Top of SOURCE DATA

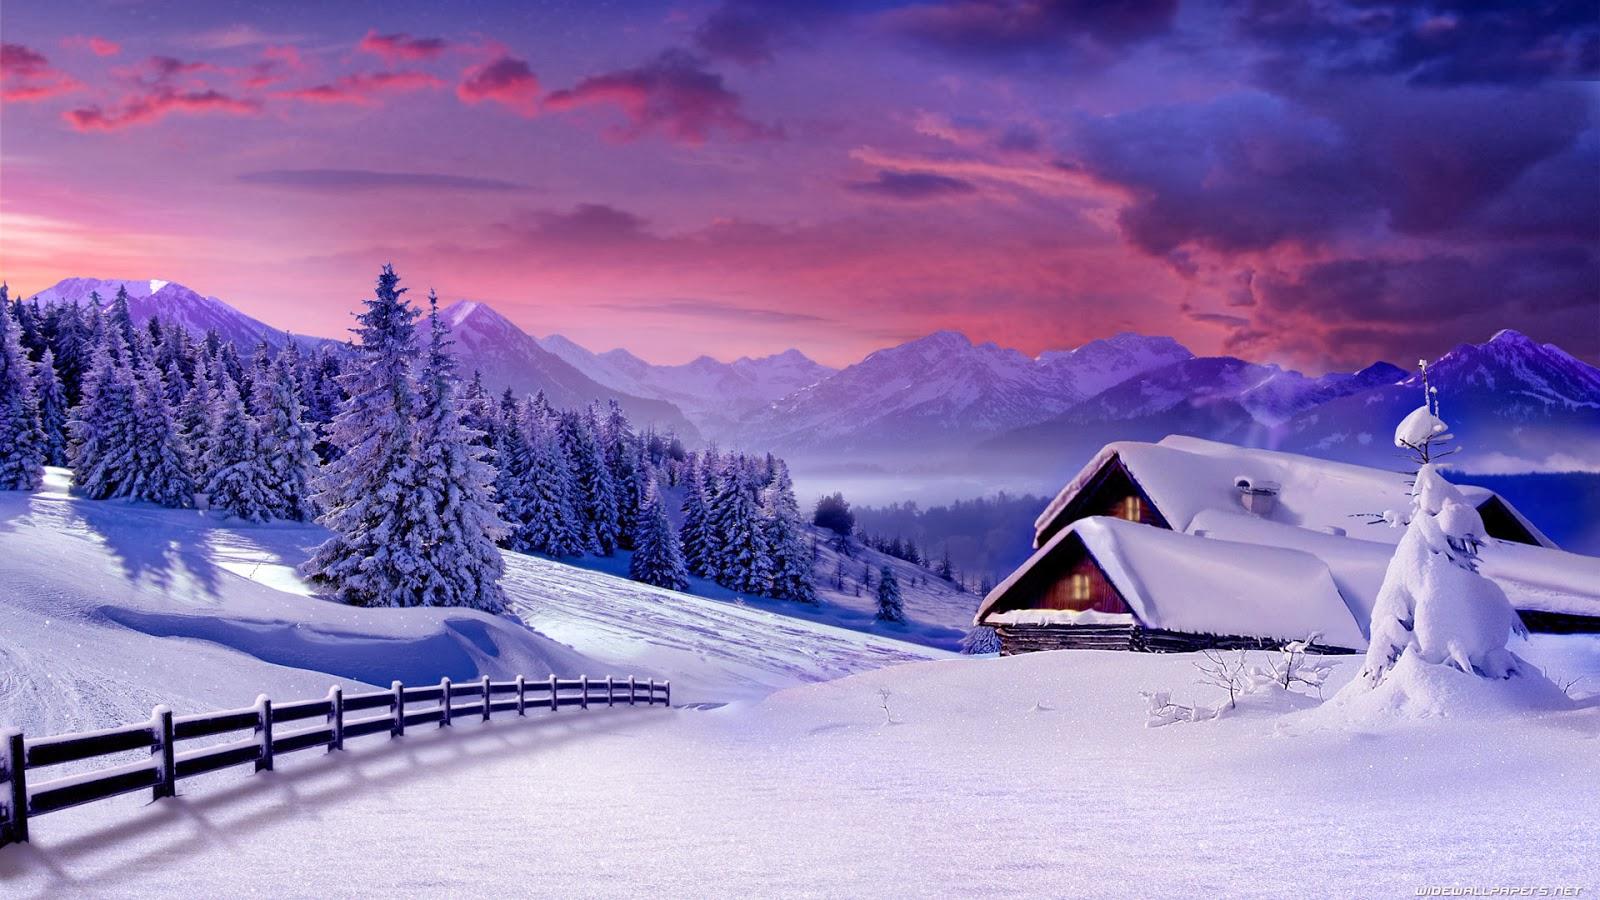 widescreen winter scene wallpaper wallpapersafari
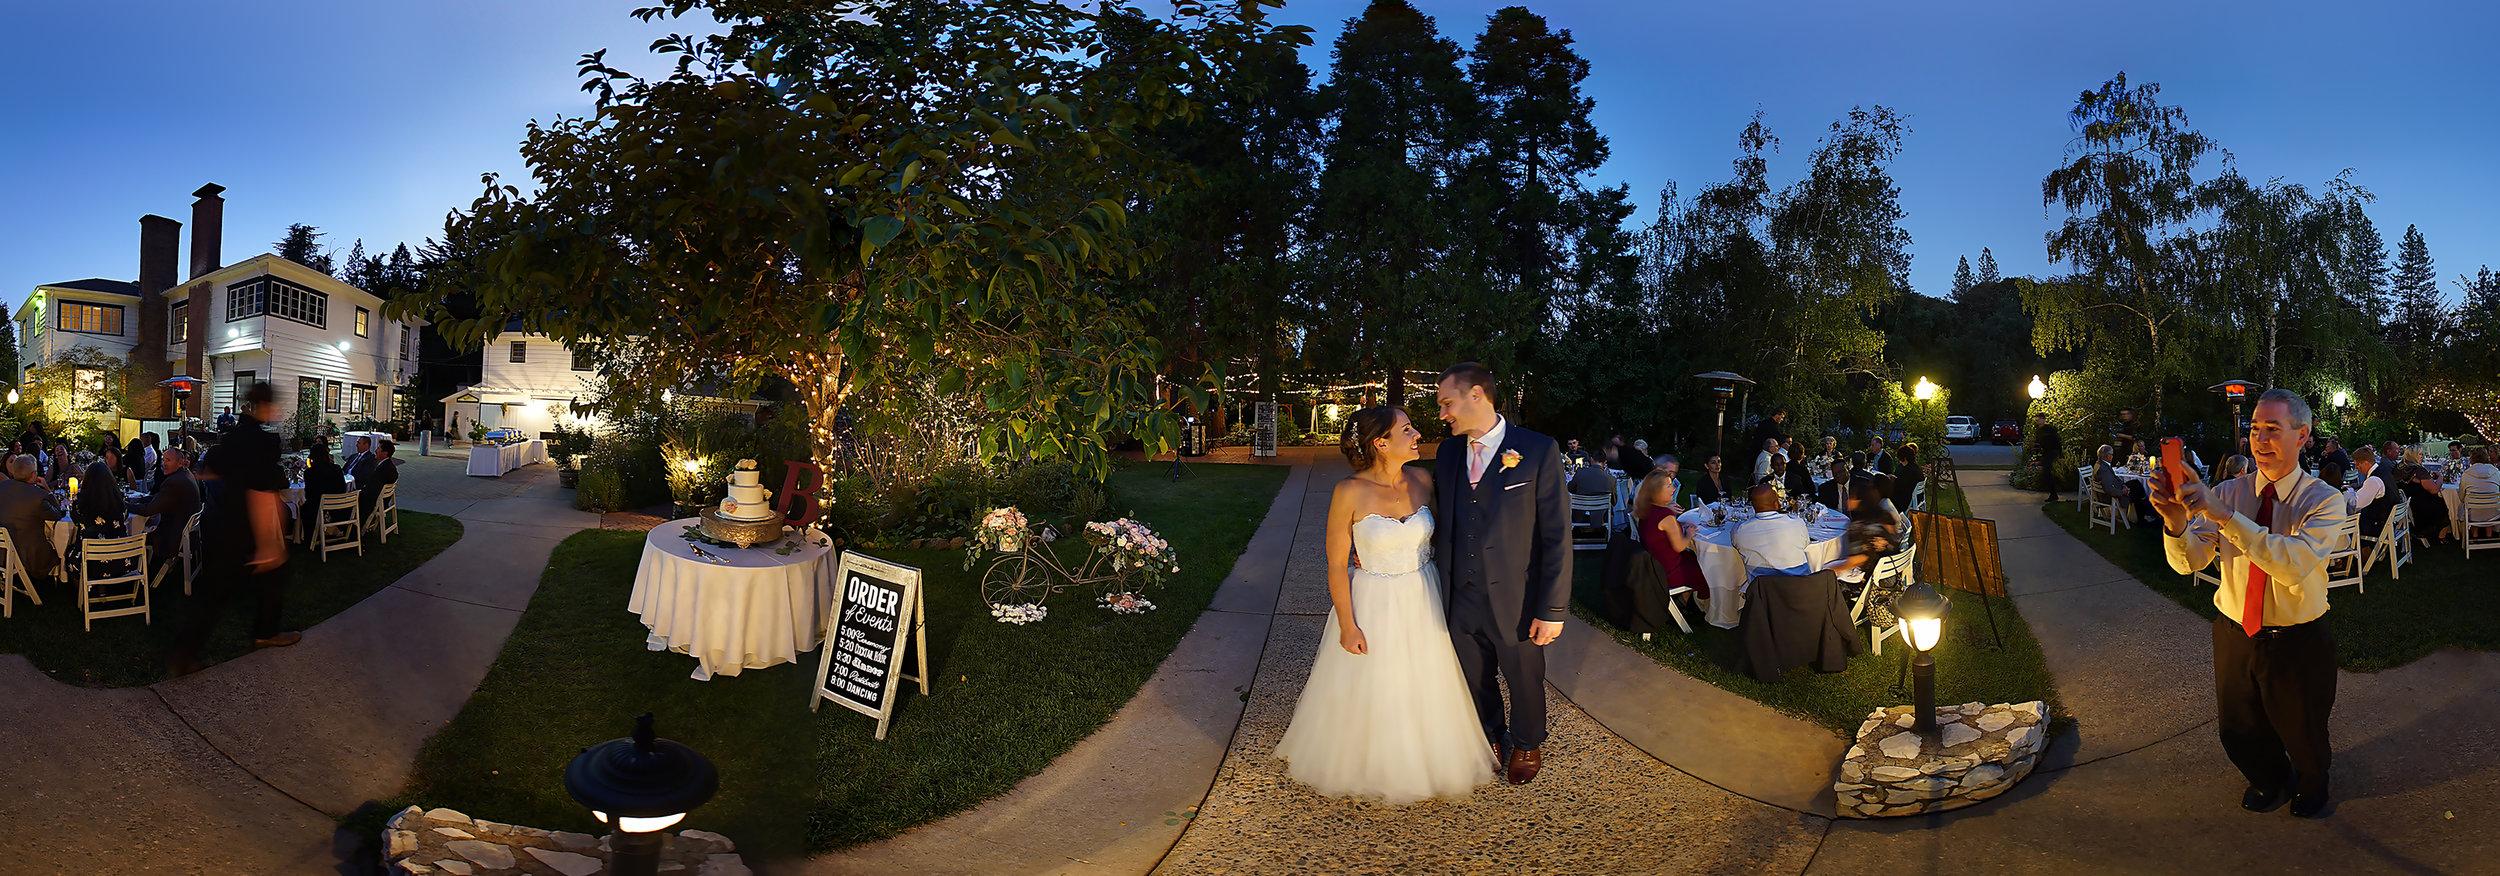 Wedding Panorama.jpg
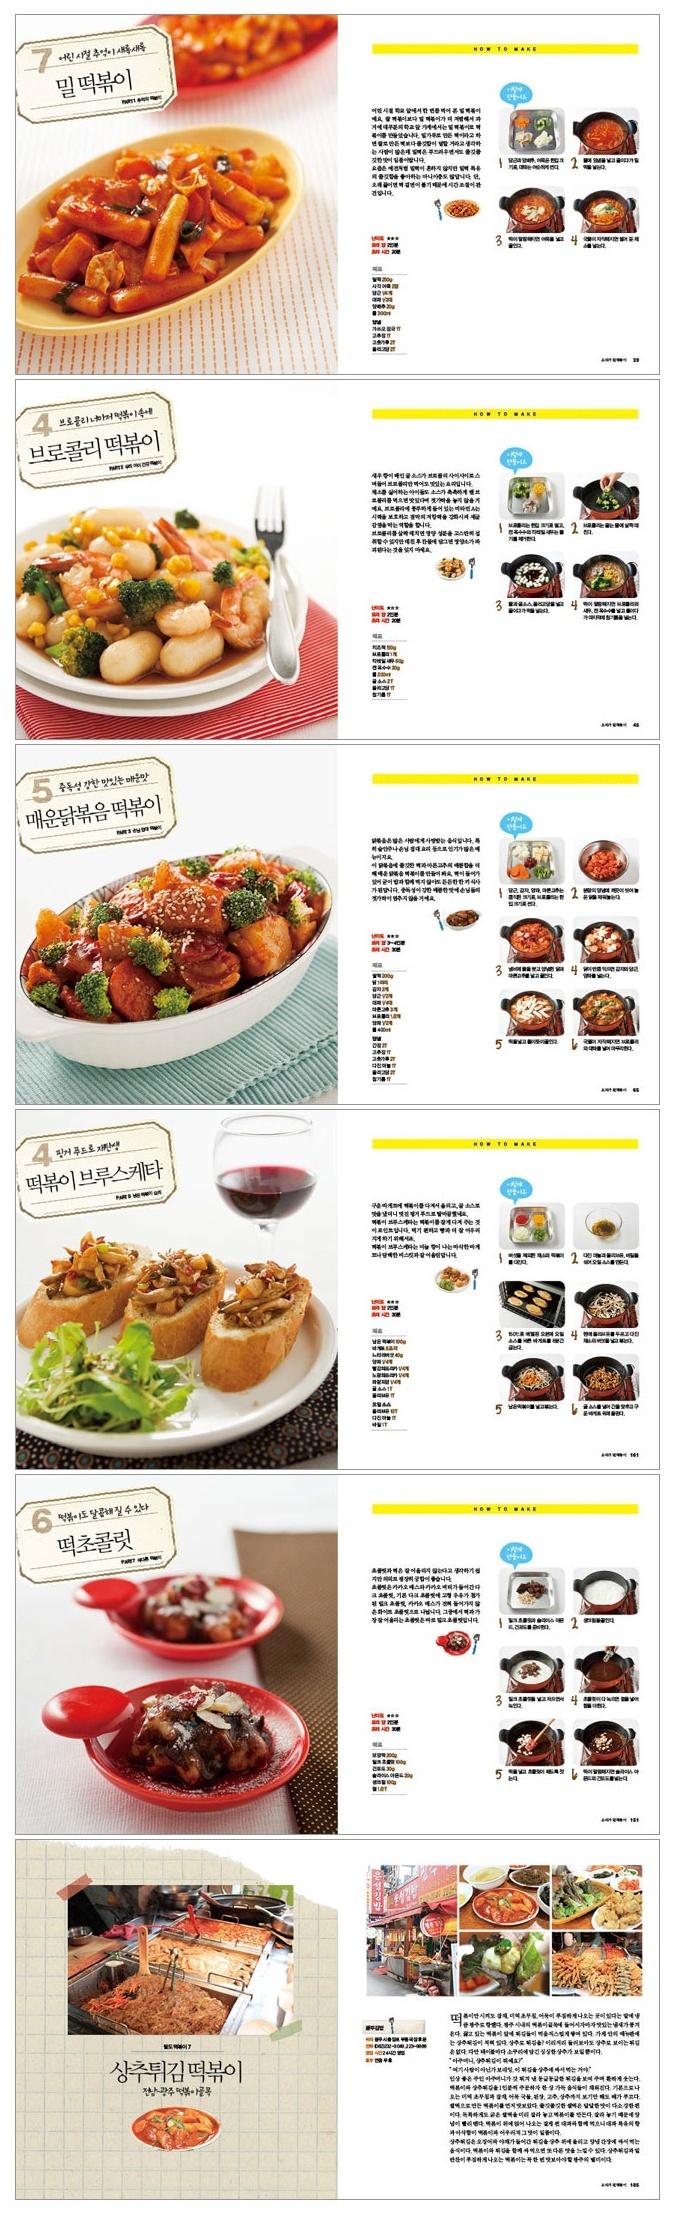 37 best korean food images on pinterest graphics posters and kitchens korean book tteokbokki became cook 1315 on kstargoods the best korea online forumfinder Image collections
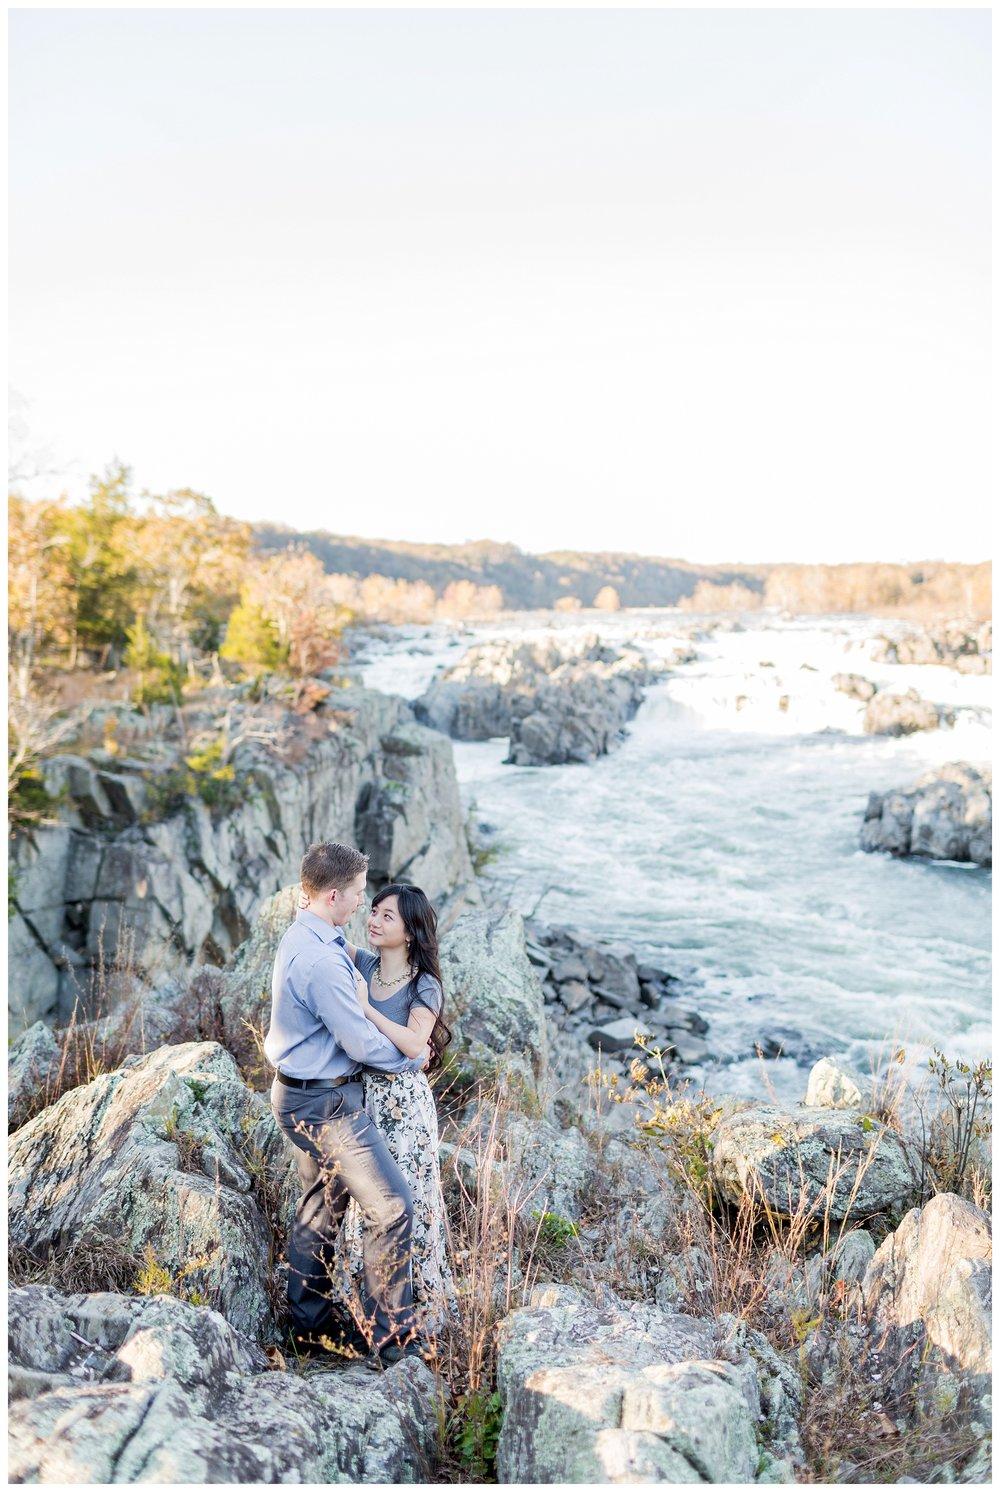 Great+Falls+Engagement.jpg
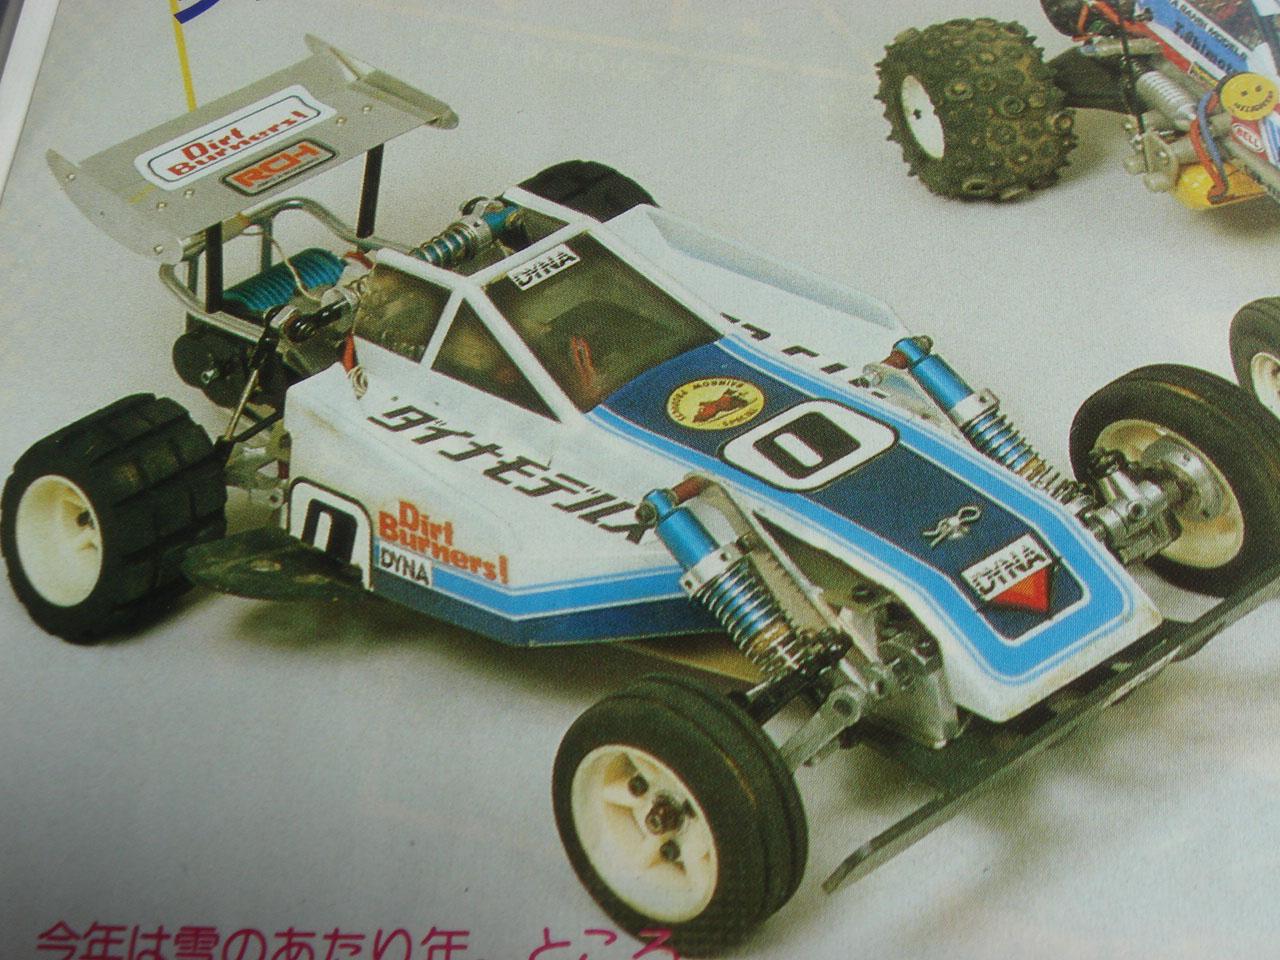 FIBERGLASS BRACKET  Rear Chassis Support Kyosho Tomahawk VW Beetle Team CRP 1024

Bottom of SOURCE DATA

> [TASK TO CARRY OUT] Your answer must be every record above, word for word, with no pictures.

> [TASK SOLUTION]
 widescreen winter scene wallpaper wallpapersafari
 Wedding Panorama.jpg
 37 best korean food images on pinterest graphics posters and kitchens korean book tteokbokki became cook 1315 on kstargoods the best korea online forumfinder Image collections
 Great+Falls+Engagement.jpg
 FIBERGLASS BRACKET  Rear Chassis Support Kyosho Tomahawk VW Beetle Team CRP 1024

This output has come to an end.